IFD: It is a great privilege to welcome back Rob Coleman, greatly respected by Irish anglers, for more advice stories following on from his rig advice. Rob was an early luminary in Irish carping and previous Irish carp record holder. Before moving back to the UK in 1999 where he continues his run of success. Here is his advice for starting on a new water…
Starting on a new water can be daunting, but we all have to start on new waters some time.
Doing your home work before you get to the water, looking up as much information on the water as you can find. Looking on things like Google Earth to see if you can see any features, weed beds, snags, and the orientation of the lake to know the wind direction on there.
See any photos or articles on the fish from there to see if there is any pattern to the captures. Are most of the photos of fish at night or day time, summer or winter?
Once you have as much information you can find try and do a few trips to the water at different time of the day to see if you can see any signs of fish. Talk to any anglers But don’t be asking too many questions. You will probably find some of them will not like to give away too much information to new comers. Just be friendly and if some information comes your way all well and good. Don’t forget you could be fishing there for a few years with those people and could become some very good fishing partners in the future.

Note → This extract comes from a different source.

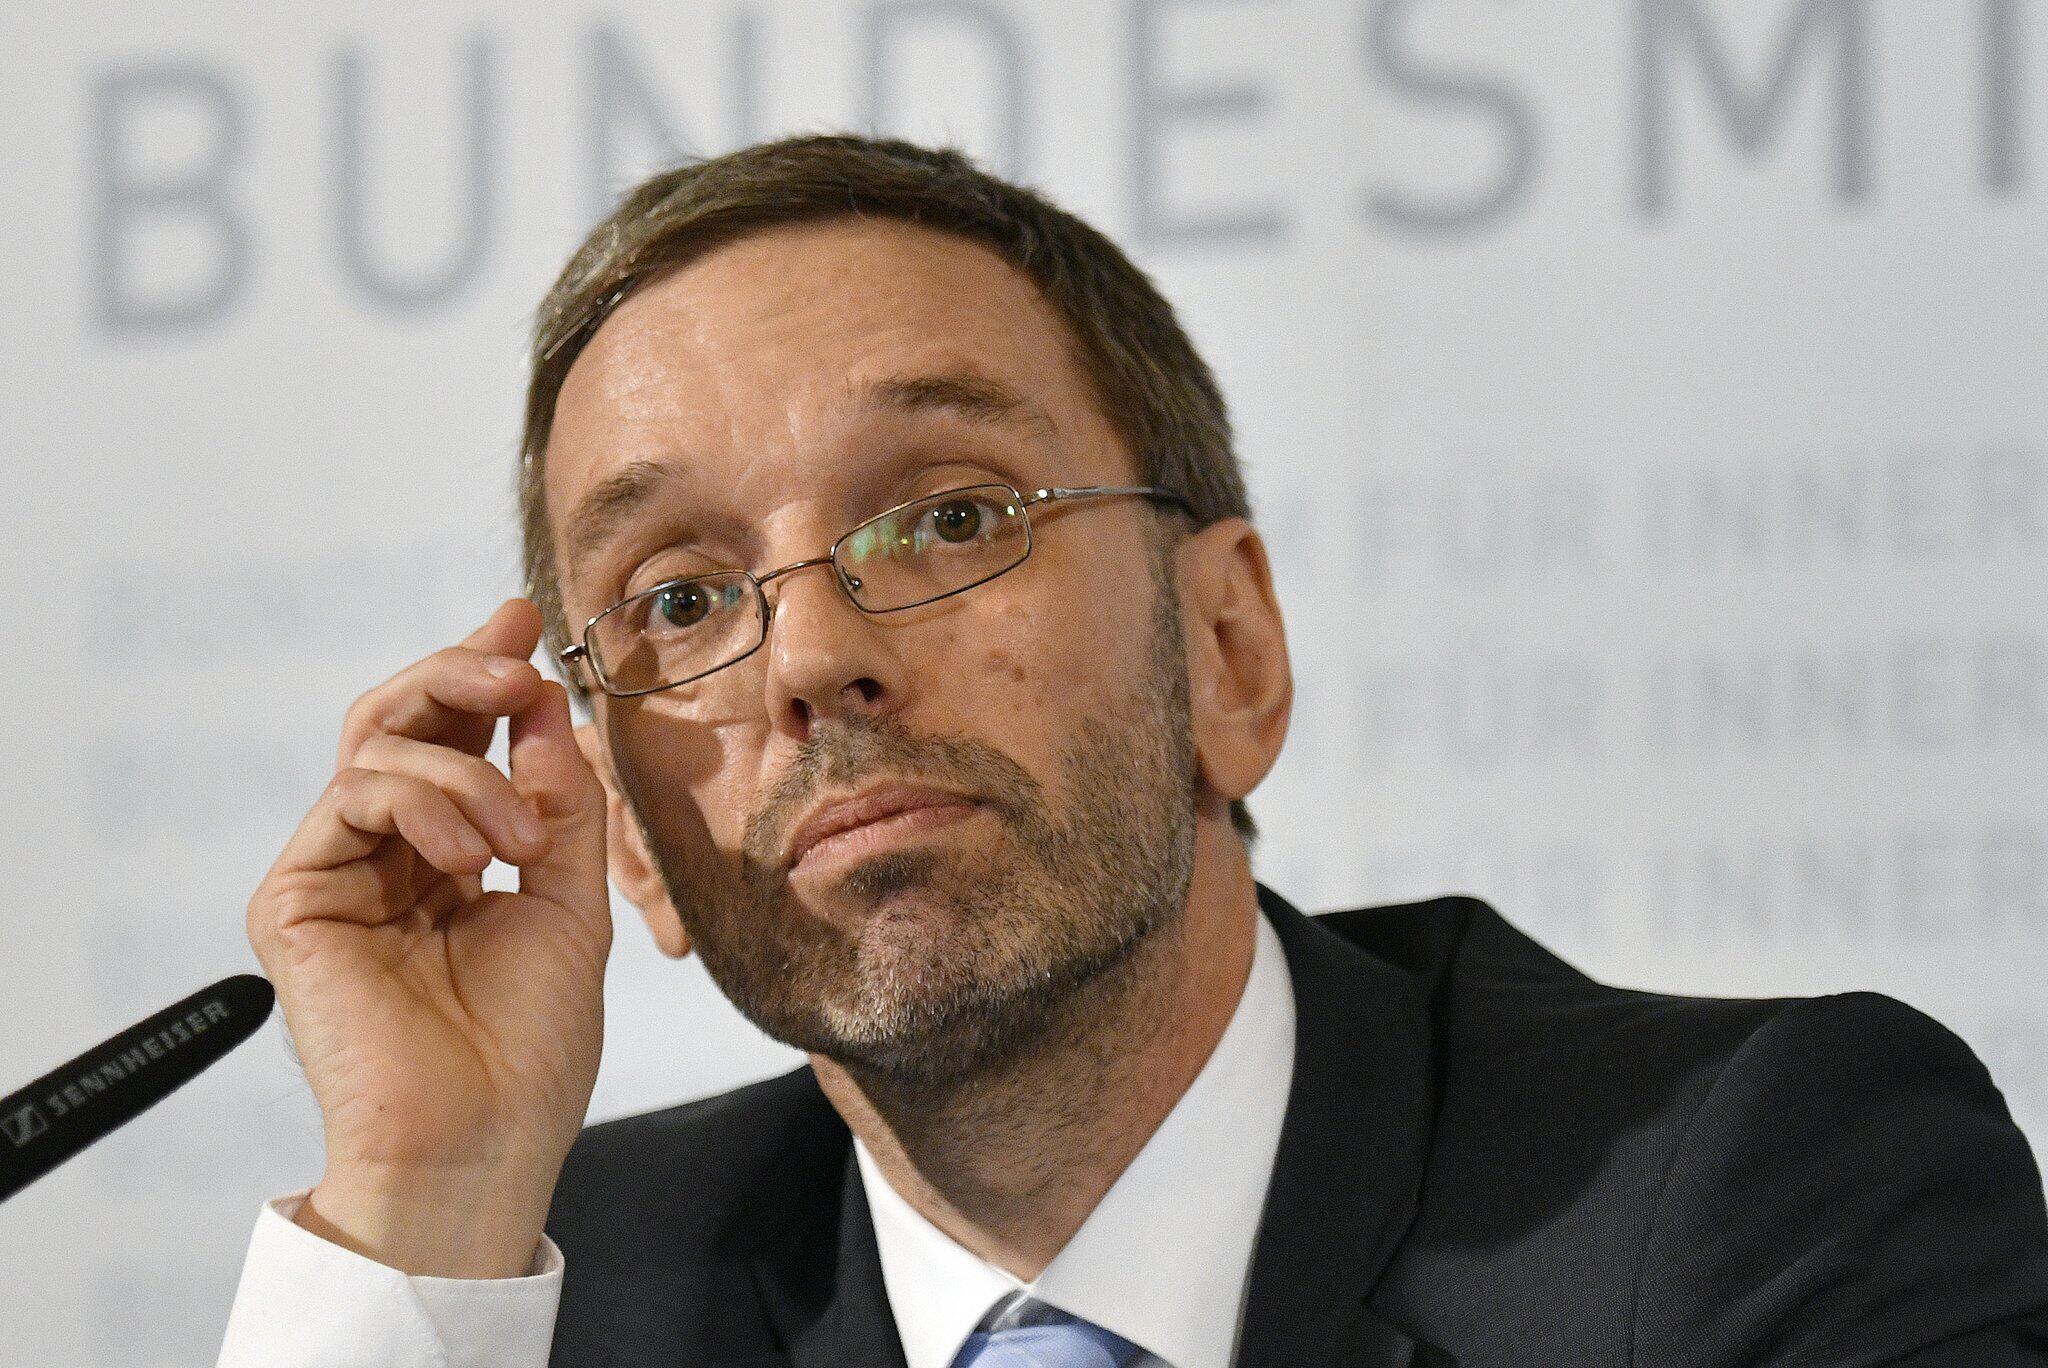 Bild zu Pressekonferenz nach blutigen Vorfällen in Österreich

Now comes to a bit of fishing, if possible try and do a few day sessions keeping mobile, don’t go mad with the marker rod if others are fishing, think of what you would think if someone did it while your fishing. Respect for others goes a long way. Zig fishing or fishing with singles is probably the best way to start. Feeling the lead down as much as you can to find out as much as you can about the lake bed, depths, silt, weed, gravel, and what ever else you can find.

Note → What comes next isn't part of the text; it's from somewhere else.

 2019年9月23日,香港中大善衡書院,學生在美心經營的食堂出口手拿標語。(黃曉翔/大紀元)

See how much affect the wind has on the water and in what direction. Are fish moving with new winds? Will lots of leaves be blown into an area of the lake in autumn? Which could end up being very silty, also there could be reduced amounts of oxygen at certain times of the year with the bacteria breaking it down.
Think about the time of year you’re fishing there, as certain times of the year fish will be in different areas of the lake in different depths.
Look out for holding areas such as weed beds, snags, island margins, also don’t forget the margin in front of you. You don’t always have to cast 100yards + to catch!!!
Try and think of what your doing and why, if you catch a fish try and work out what was the contributing factors, and work on them by trying to improve them to hopefully give you more success.
Never stop learning, you will never know all the answers !!